Terraform: a new approach to Infrastructure as code
- Transfer
Hello colleagues! While the brilliant Elon Musk is hatching ambitious plans for terraforming Mars , we are interested in new opportunities related to the " Infrastructure as Code " paradigm and want to offer you a translation of an article about one of the representatives of the "magnificent seven" - Terraform . Evgeni Brikman’s book on the topic is not bad, but she will be back soon, so please speak out if you want to see it in Russian by
Kamal Marhubi from Heap.
Our infrastructure is based on AWS, and we manage it with Terraform. In this publication, we have picked up for you practical tips and tricks that were useful to us in the course of work.
Terraform is a tool from Hashicorp that helps you declaratively manage your infrastructure. In this case, you do not have to manually create instances, networks, etc. in the console of your cloud provider; just write a configuration that outlines how you see your future infrastructure. This configuration is created in human-readable text format. If you want to change your infrastructure, then edit the configuration and run
If you transfer infrastructure management to text files, you will be able to arm yourself with all your favorite tools for managing source code and processes, and then reorient them to work with the infrastructure. Now the infrastructure is subject to version control systems, just like the source code, it can be reviewed in the same way or rolled back to an earlier state if something goes wrong.
Here's how, for example, Terraform defines an EC2 instance with an EBS volume:
If you have not tried Terraform yet, then this beginner's guide is suitable and will help you quickly get used to the flow of tasks in this tool.
In a general perspective, the Terraform data model is simple: Terraform manages resources, and resources have attributes. A few examples from the AWS world:
Terraform provides the mapping of resources described in the configuration file with the corresponding resources of the cloud provider. This mapping is called a state ; it is a giant JSON file. When launched,
It is not so difficult to understand such a data model with resources and attributes, however, it may not completely coincide with the cloud provider API. In fact, a single Terraform resource can correspond to one or several basic objects of a cloud provider - or even not match any. Here are some examples from AWS:
The latter may seem surprising. When creating
When working with Terraform, exactly the same infrastructure can be represented in several different ways. Here is another version of the description of our example instance with the EBS volume in Terraform, which gives exactly the same EC2 resources:
Now the EBS volume has become a full-fledged Terraform resource, we have delimited it from the EC2 instance. There is a third resource, synthetic, linking the first two. If we imagine our instance and volume, we can add and remove volumes, simply adding and removing resources
It often doesn’t matter which representation of EBS you choose. But sometimes, if the choice was wrong, changing your infrastructure after that will be quite difficult!

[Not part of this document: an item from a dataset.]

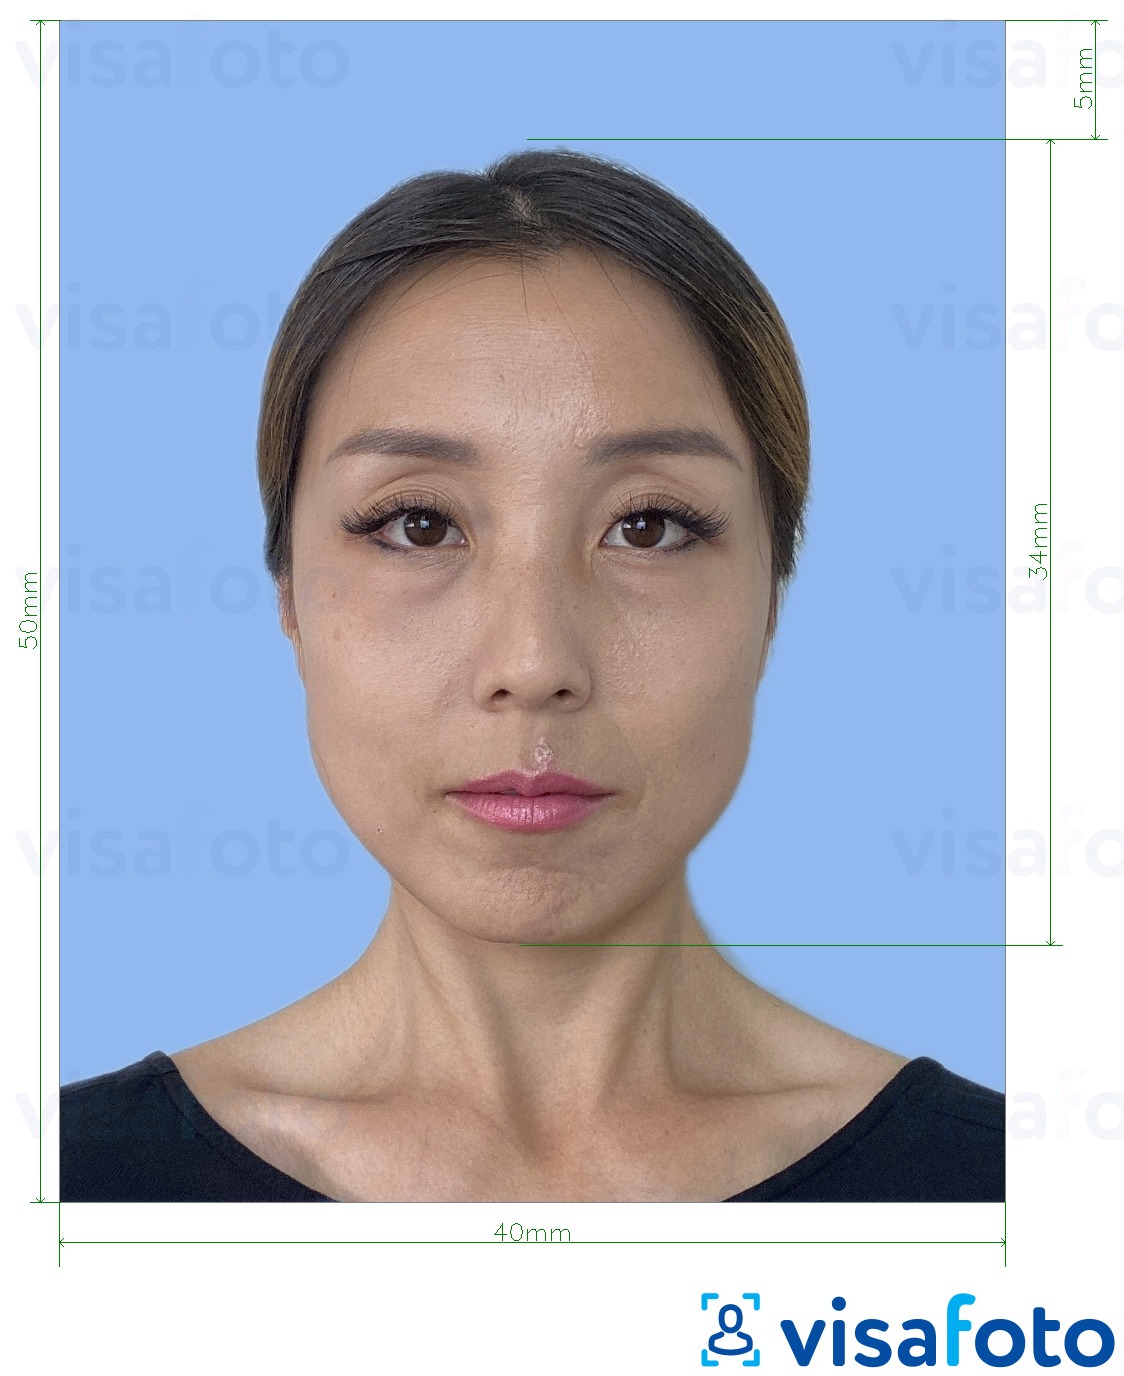 日本外国驾照4x5厘米 的标准尺寸照片示例

This is where we got burned. We work with a large AWS PostgreSQL cluster, and 18 EBS volumes are attached to each instance as storage. All of these instances are represented in Terraform as the only aws_instance resource with EBS volumes defined in blocks
In the instances of our database, information is stored in the ZFS file system. ZFS allows you to dynamically add block devices to grow the file system without any delay. Thus, we are gradually increasing our storage as customers send us more and more data. Since we are an analytical company and collect all kinds of information, such an opportunity is a huge help for us. We constantly optimize queries and insert operations in our cluster.. Thus, we will not get caught up in the rigid CPU-storage ratio that we selected when preparing the cluster, but we will be able to adjust the balance on the fly in order to effectively use the latest innovations.

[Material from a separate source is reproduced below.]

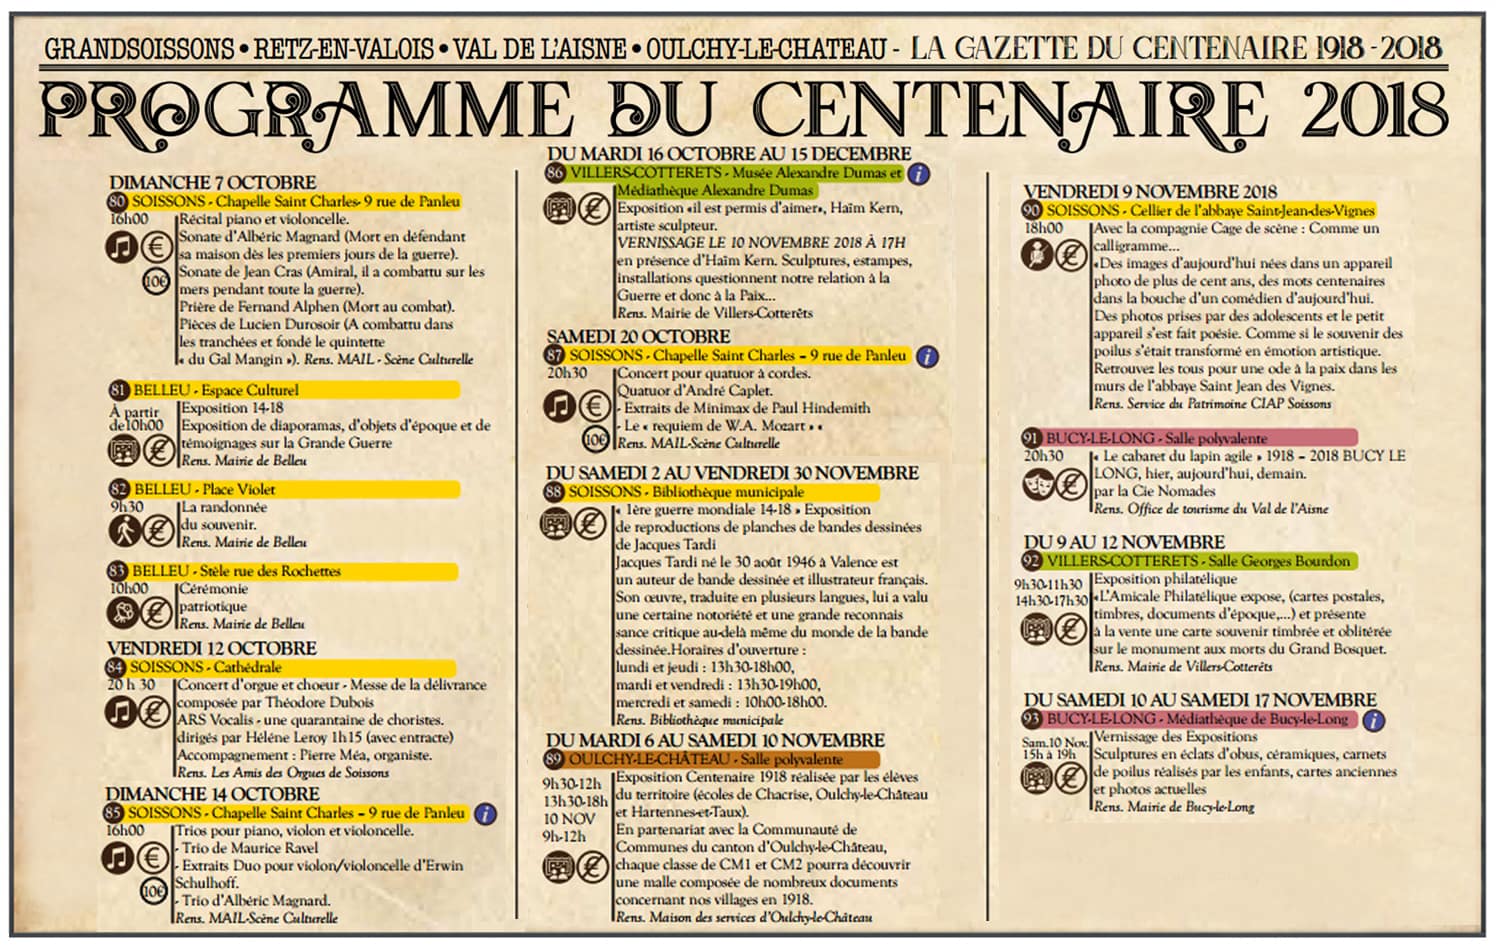 Expositions centenaire dans l'Aisne (06)-min.jpg

This process could be even smoother if not for the blocks
Until recently, we used a workaround and made Terraform synchronize in several stages:
Between stages 2 and 3, the team
Having discovered the approach with
Given that we have added more than a thousand resources, we definitely were not going to do it manually. Terraform status is stored in JSON format. Although this format is stable, the documentation states that “ directly editing state files is not recommended". We would have to do it anyway, but we wanted to be sure that we were doing it right. We decided not to engage in reverse development of the JSON format, but wrote a program that uses the internal Terraform elements as a library for reading, modifying, and writing. It was not so simple, because for all of us it was the first program on Go that we had a chance to work with! But we thought it was necessary to make sure: yes, we will not confuse all Terraform states of all instances of our database into one heap.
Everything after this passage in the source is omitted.